I suspect I can leave the profiler in the closet.

Having taken a closer look at the iconv wrappers, we have bigger issues anyway.  If someone feeds in a char > 0x7f, it apears mono will assert in iconv_convert() and not convert any of the chars instead of just replacing the offending char with an ASCII '?' as the docs specify.  I'll confirm this with a test this weekend.   

Also, though this isn't directly ASCII related, the decoder/encoder implementations are not stateful. The docs specify that passing 2 consecutive byte[] refs to a decoder that have multibyte character overlap should result in the overlapping character being converted properly. There is no code currently that I can see that handles this. 

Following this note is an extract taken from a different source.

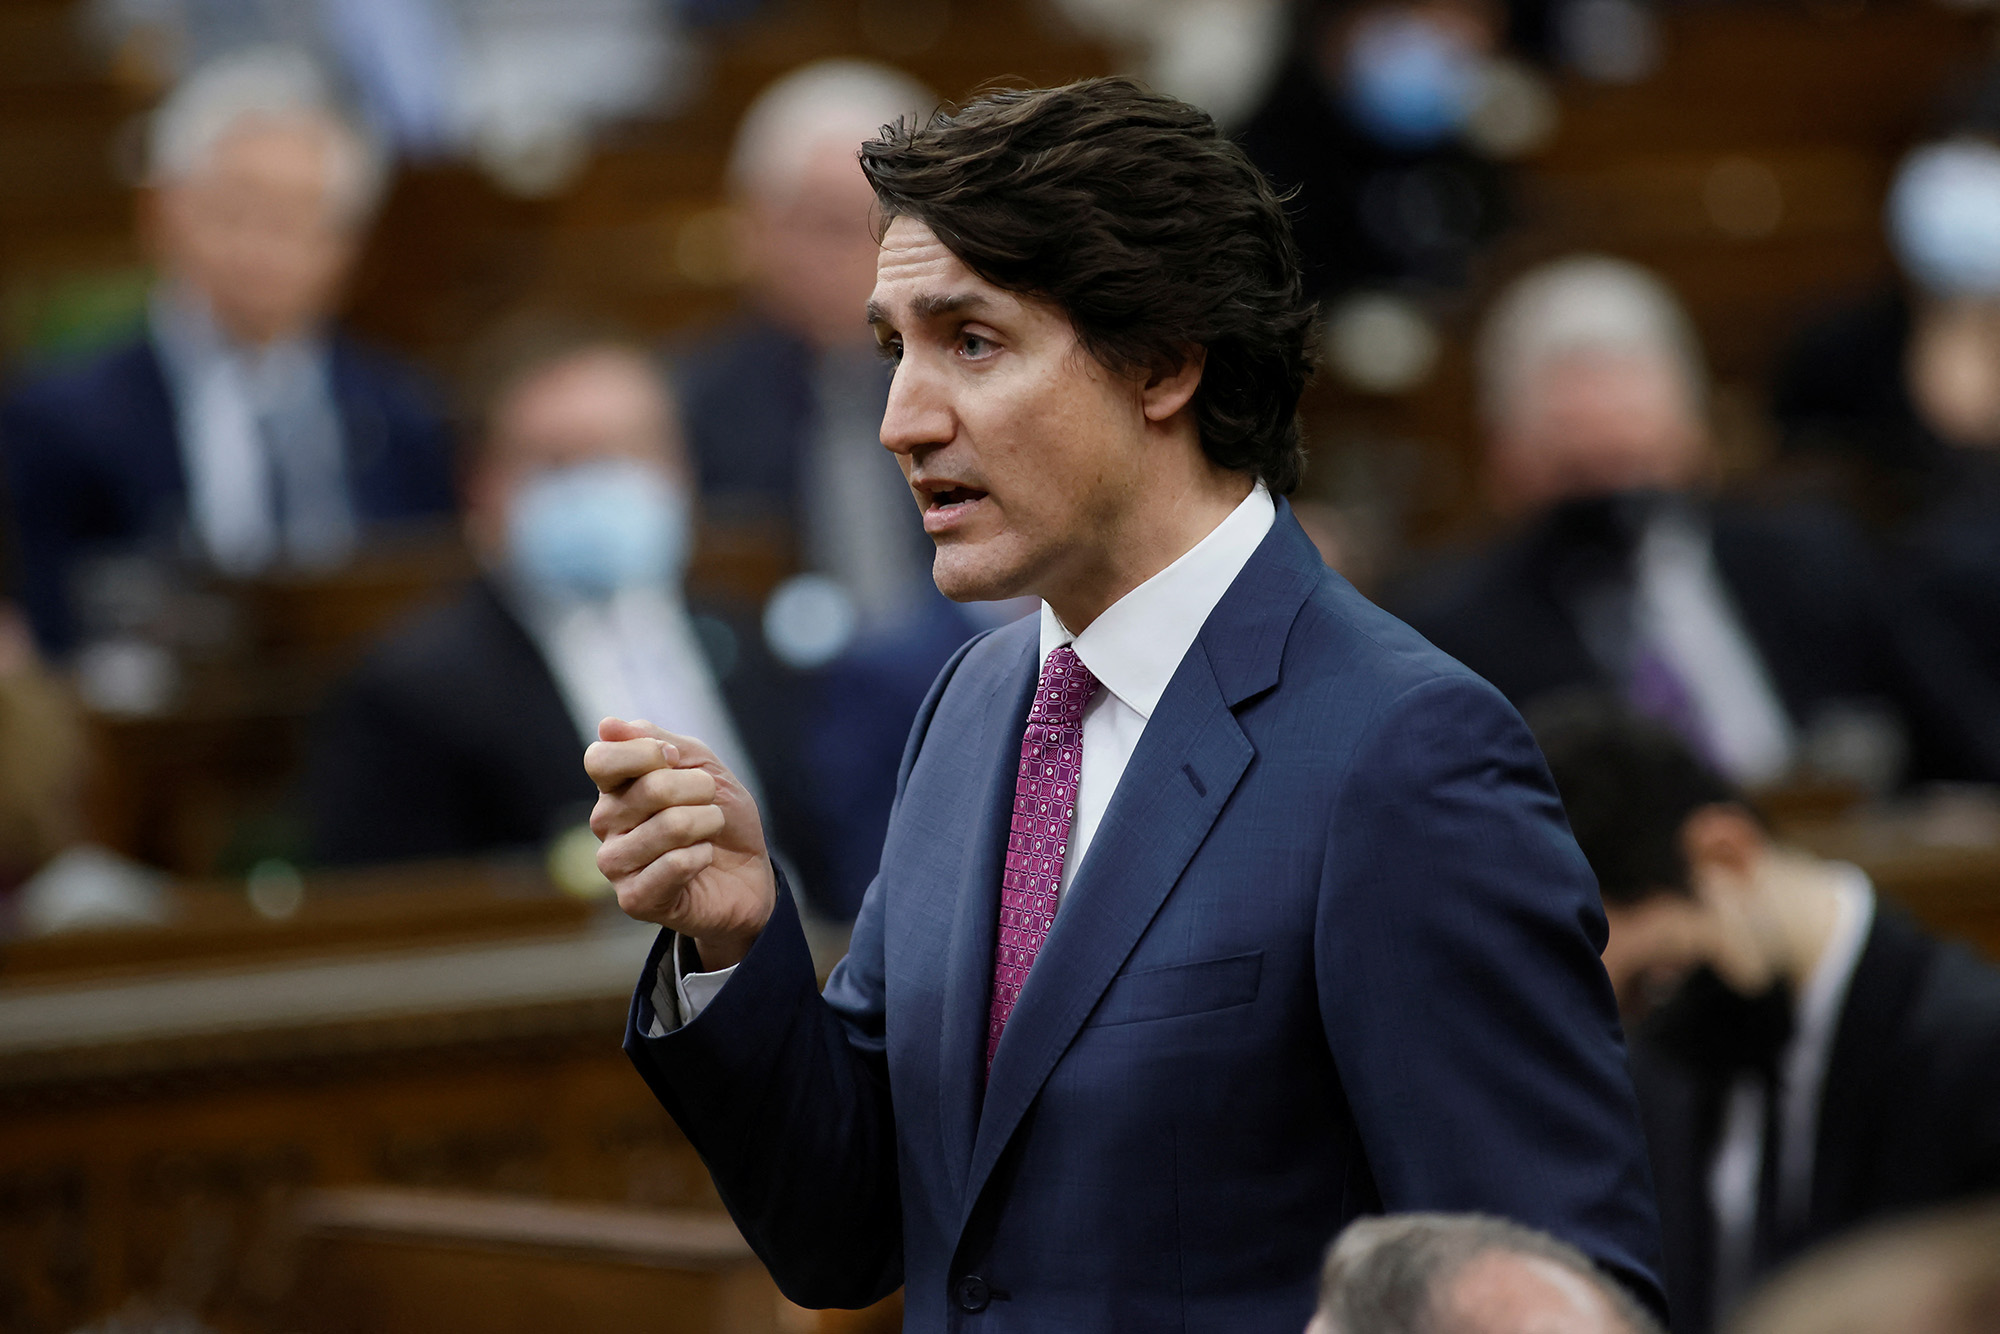 Canada's Prime Minister Justin Trudeau speaks during Question Period in the House of Commons on Parliament Hill in Ottawa, Ontario, Canada, on April 27.

My general impression of the System.Text module at this point is that it has a tendancy to use a sledgehammer to drive finishing nails.  It also seems to be engineered for properly formatted input, ignoring error scenarios. I'll try to codify these concerns with a test suite to expose them this weekend. 

> I agree that GetMaxByteCount needs some work,
> but it might be best to fix this so that it
> can work correctly for all the
> Encoding-derived classes if at all possible.

This simply is not a good candidate for abstraction. There is a reason why the MS implementation overrides these methods for all the subclasses. UTF8 is probably the only standard encoding that it makes sense to use iconv for the Count related functions.

> I'll try to get the class status page to more
> accurately handle the case when a missing
> method is implemented in a base class. Sorry
> about that.

Well, I think it's good to have the tool throw red flags up where methods have been overridden.  Unless we have really good reason to ignore the hint, I think we should follow the documentation's advice.

Mike